Now, there are other discrepancies. Strictly speaking, Easter should probably be directly tied to the Jewish observance of Passover, which always falls on the same date on the Jewish calendar — which is a primarily lunar calendar not in sync with the Gregorian calendar. But it’s not — indeed, several millennia from now there will be such a time discrepancy between the two calendars that Passover and Easter will have little to do with each other in a temporal sense. But for the here and now, there’s enough of a connection between the two that I’m comfortable saying that when we celebrate Easter, we’re mostly doing it at the right time in a historical sense.)
The irony comes in the fact that while Easter is almost always celebrated at the “right” time, I don’t personally believe the first Easter happened — which is to say that I don’t believe that Jesus was resurrected and rose from the dead. So there it is: Christmas — really happened, but we celebrate it at the wrong time. Easter — never happened, but we celebrate it at the right time.
Good Friday — right time, really happened. But I don’t imagine I get points for noting that.
By this formulation, you can understand my relationship to Jesus: Namely, that I think he existed, but that I don’t think he was divine — at least, not “divine” in the sense that he was raised from the dead or did miracles of the “walk on water” stripe. Ultimately, I believe Jesus was just a man, a “son of God” to the extent that any of us are (provided we’re male). I believe that when Jesus died, he was, simply, dead in any physical sense.
But speaking as an agnostic, I think it’s nonsense to say that Jesus didn’t do miracles, or that he didn’t experience a resurrection. One definition of a “miracle” is that it is an event that increases faith; inarguably Jesus did that while he was alive and the Gospels continue to do so today, albeit usually through the intermediaries of the various Christian churches. Equally, even if Jesus did not experience a physical resurrection, his ideas did not die with him; they were codified in the Gospels themselves and have carried forward for 2,000 years — a spiritual resurrection, absolutely. I absolutely believe in Jesus, and I believe in the value of his message, even if I don’t believe in the truth of his Christhood.
The last bit of that is why I am not, nor am I likely ever to become, a Christian. For me the least relevant parts of Jesus’ message have to do with the spiritual and mystical aspects of his teachings. I am very passionately interested in what his message has to say for us here on Earth, independent of the next life. It’s a rather substantial endorsement of Jesus’ ideas that even if one were to remove the metaphysical aspects of Jesus’ message, there is still a vibrant core of message and morals: Words to live by in all circumstance, as well as an ethical model which takes both courage and conviction to live by. In a general sense, I do find that in most ways I try to live by the admonitions of Jesus; he’s a gold standard for forgiveness and tolerance I am unable to match, but I do take inspiration in it and to that respect try to walk in his footsteps.
It’s also worth noting that I do find the spiritual aspects of Jesus’ life resonate with me as well.
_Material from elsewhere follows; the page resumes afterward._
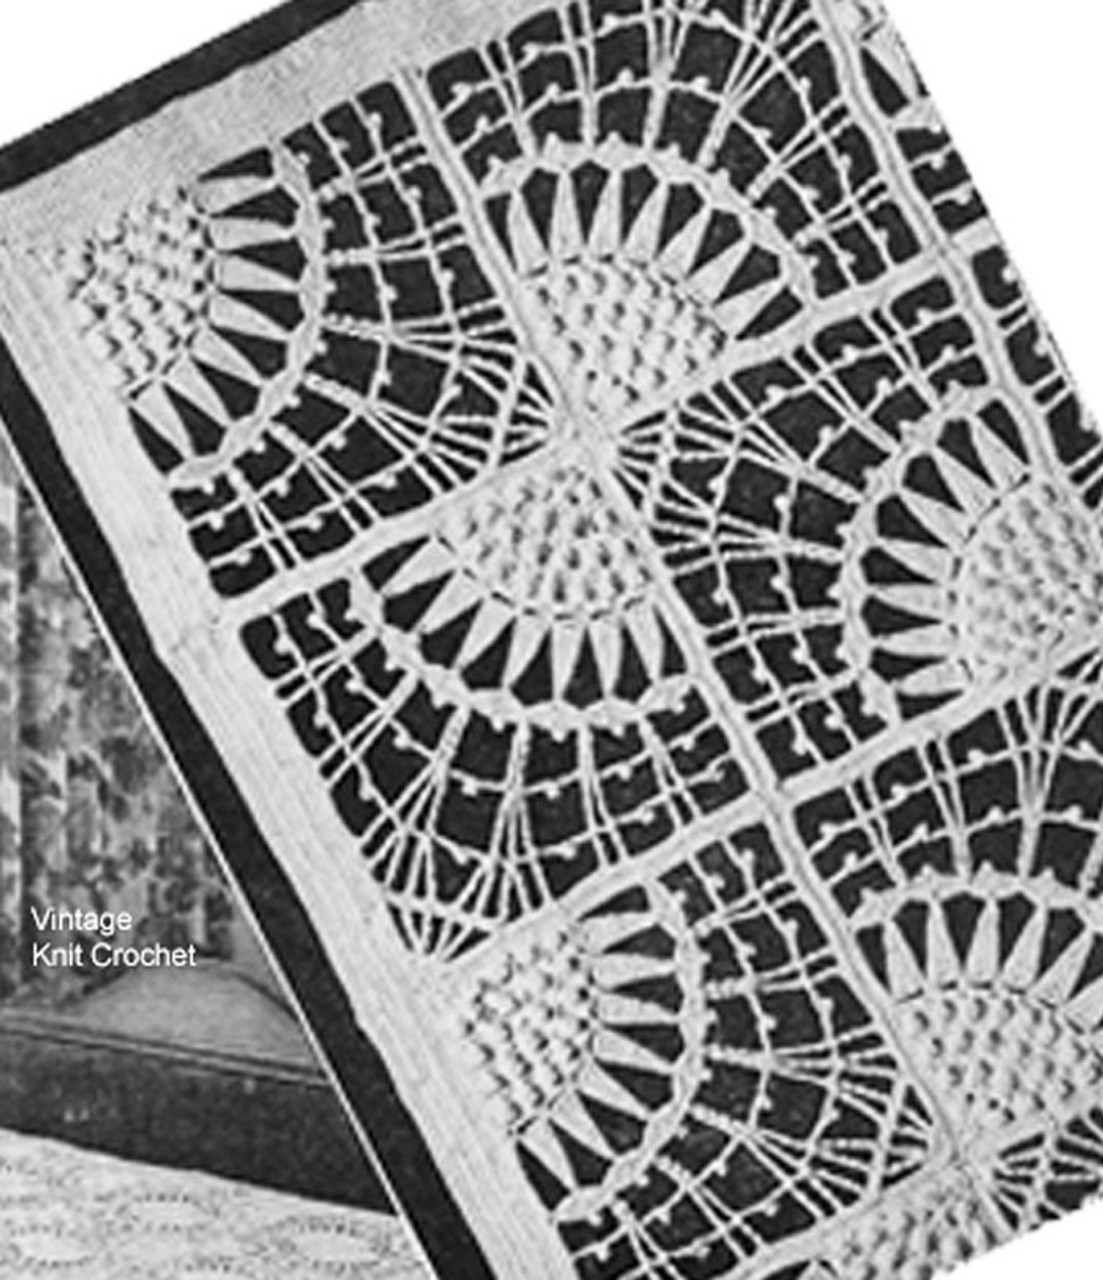 Butterfly Bows Crochet Block Illustration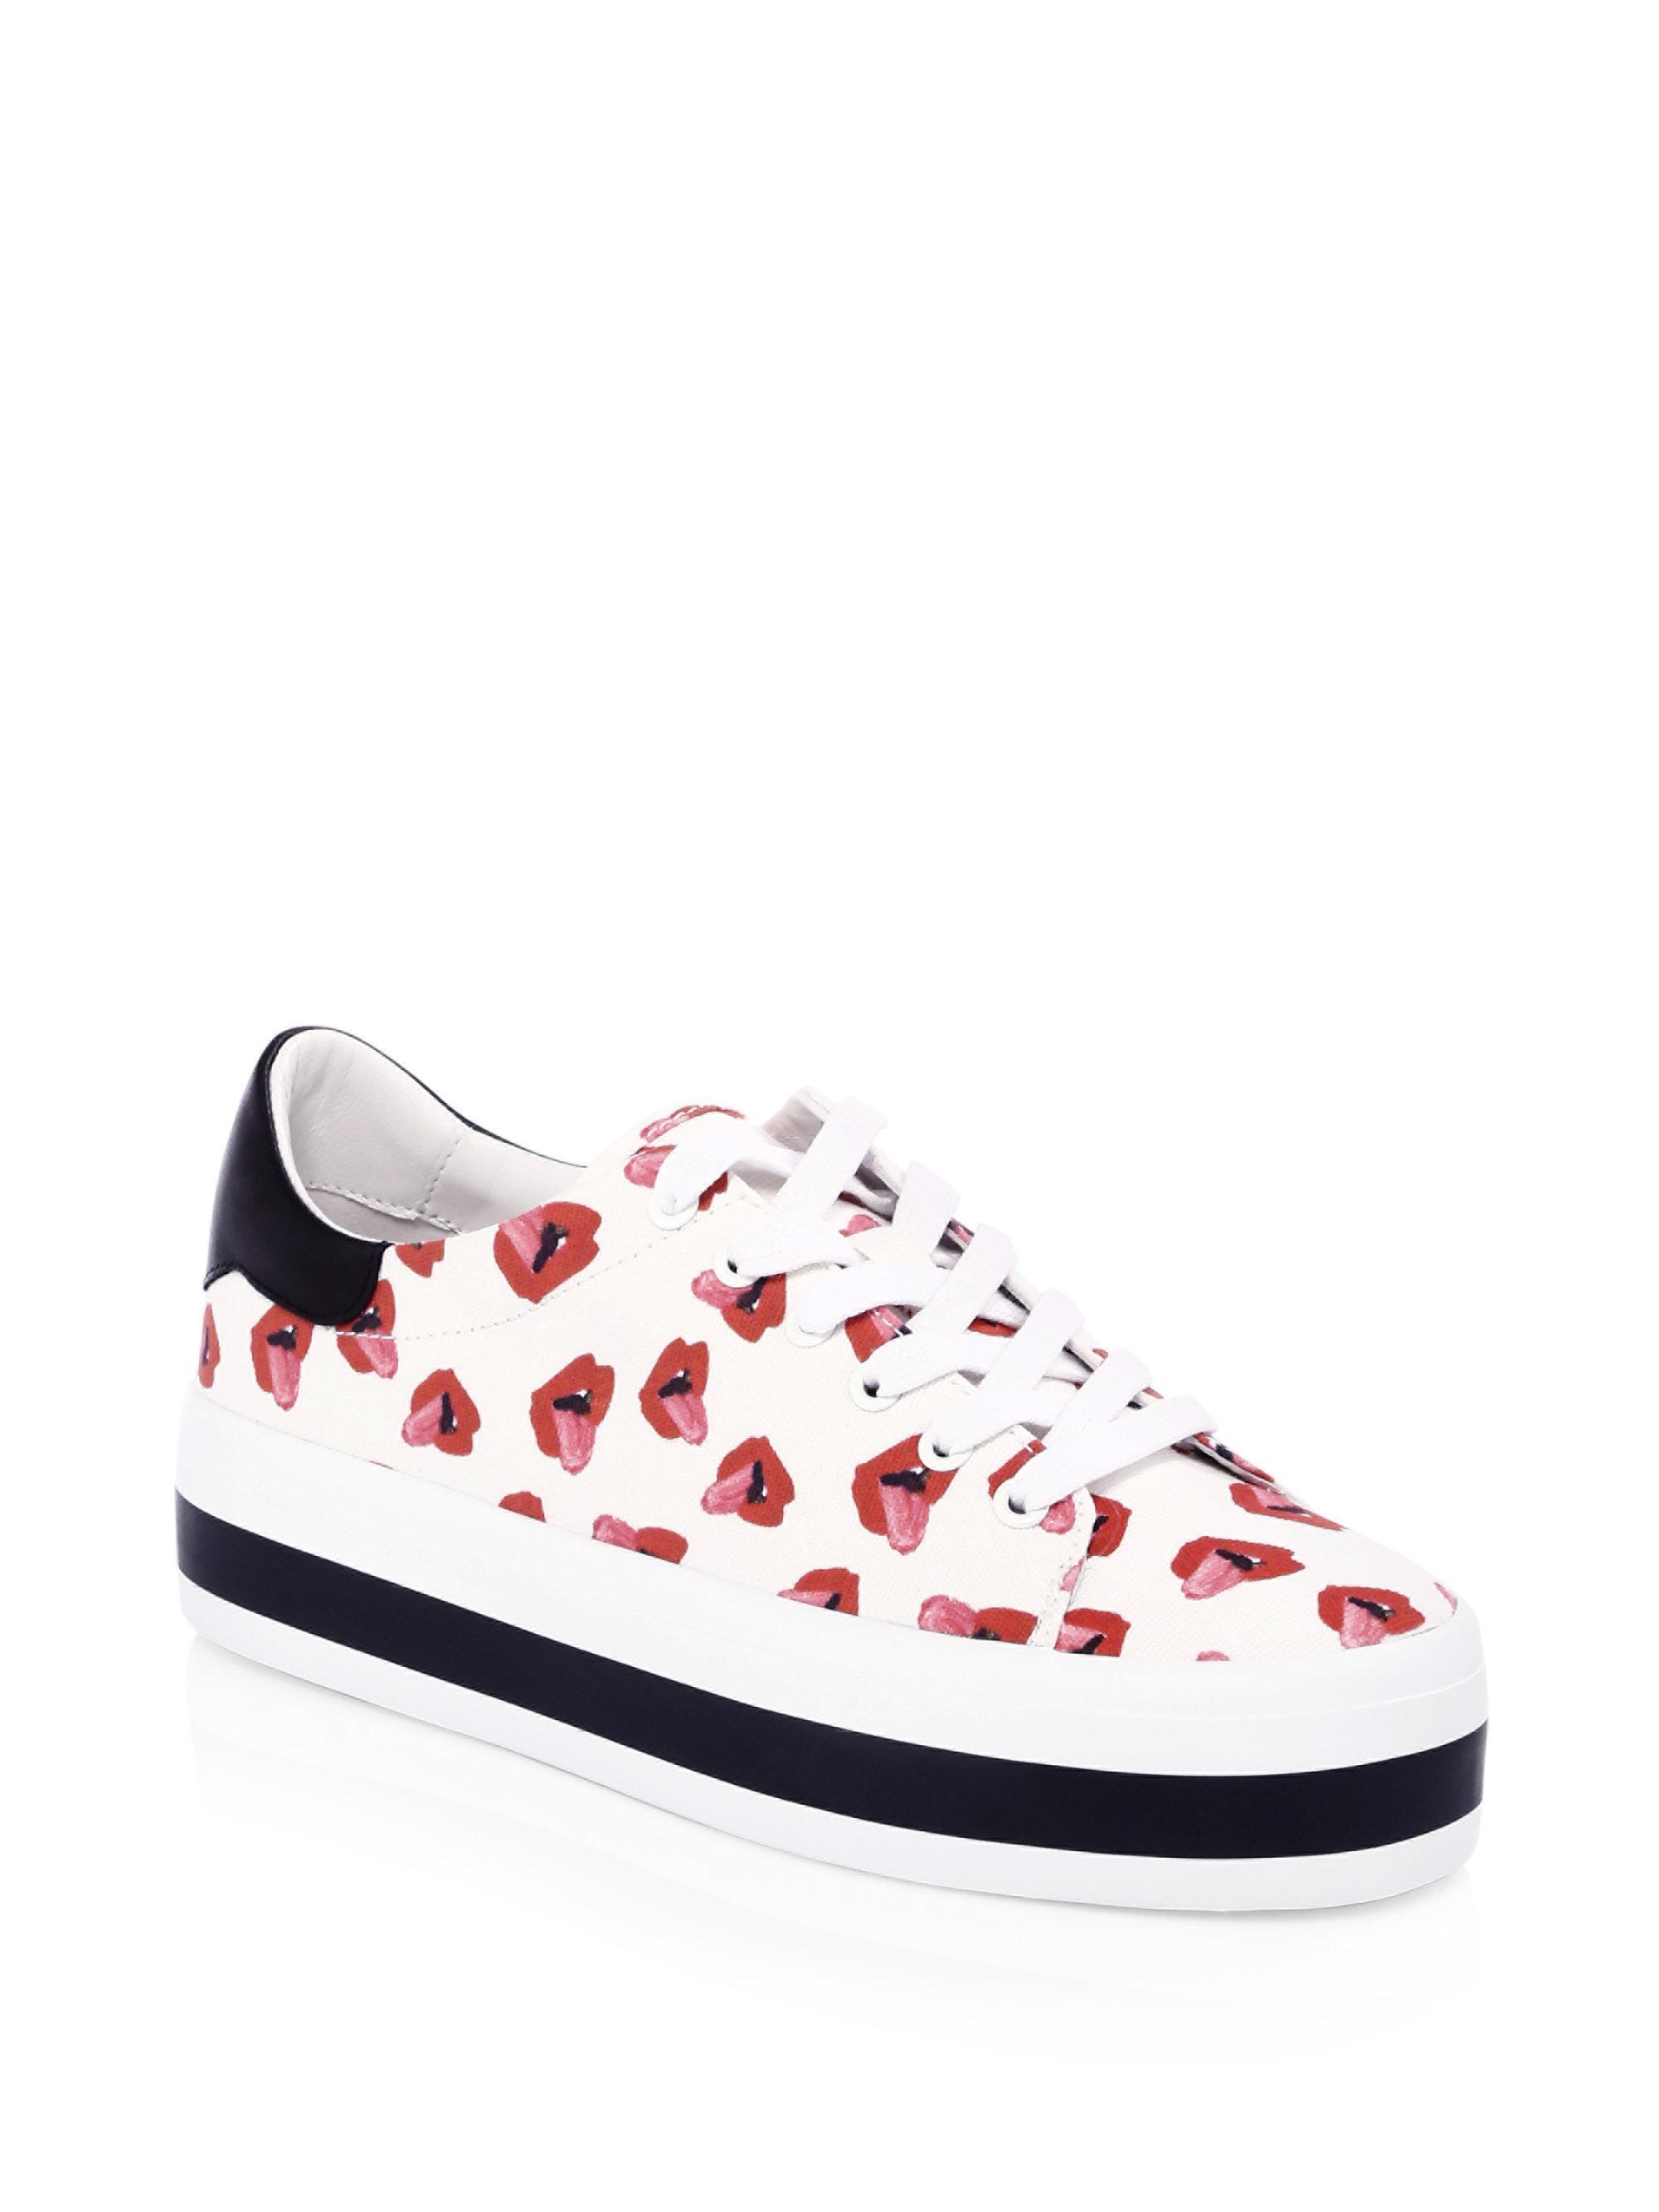 ALICE+OLIVIA Donald Robertson Collaboration Ezra Canvas Sneakers

Take as an example the idea that Jesus willingly died to assume the sins of the world. Do I believe he did it? I sure do. Do I think that in dying, he did actually assume the sins of the world? No, I don’t. The reasons for this should be obvious: As a mere human, it wasn’t within his purview to do so, and since I don’t have a morality rooted in religion, I don’t believe in “sin” — it’s a religious concept (this is not the same as saying there are not things that are immoral, as I believe there are — many of which, not at all coincidentally, are usually identified as sins in many of the leading religions of the world).
But there mere fact I don’t subscribe to the concept of sin, or (that if sin does exists) that one person could assume the sins of the world doesn’t lessen the magnificence of Jesus’ sacrifice. Even as a symbolic sacrifice it is deeply moving. I don’t believe Jesus could assume the sins of the world, but I believe that he would have if he could have, and the sacrifice he made proves it. It makes me ask what I would do if I sincerely believed that my death could have a positive, transformative effect on the world. Would I have the courage to embrace that death? Even Jesus had his moment of doubt, and he sincerely believed in who he was and what he was doing. I believe that in dying for our sins, Jesus set the standard for what every person should be willing to do for humanity — to lay down one’s life so that the others can live and thrive.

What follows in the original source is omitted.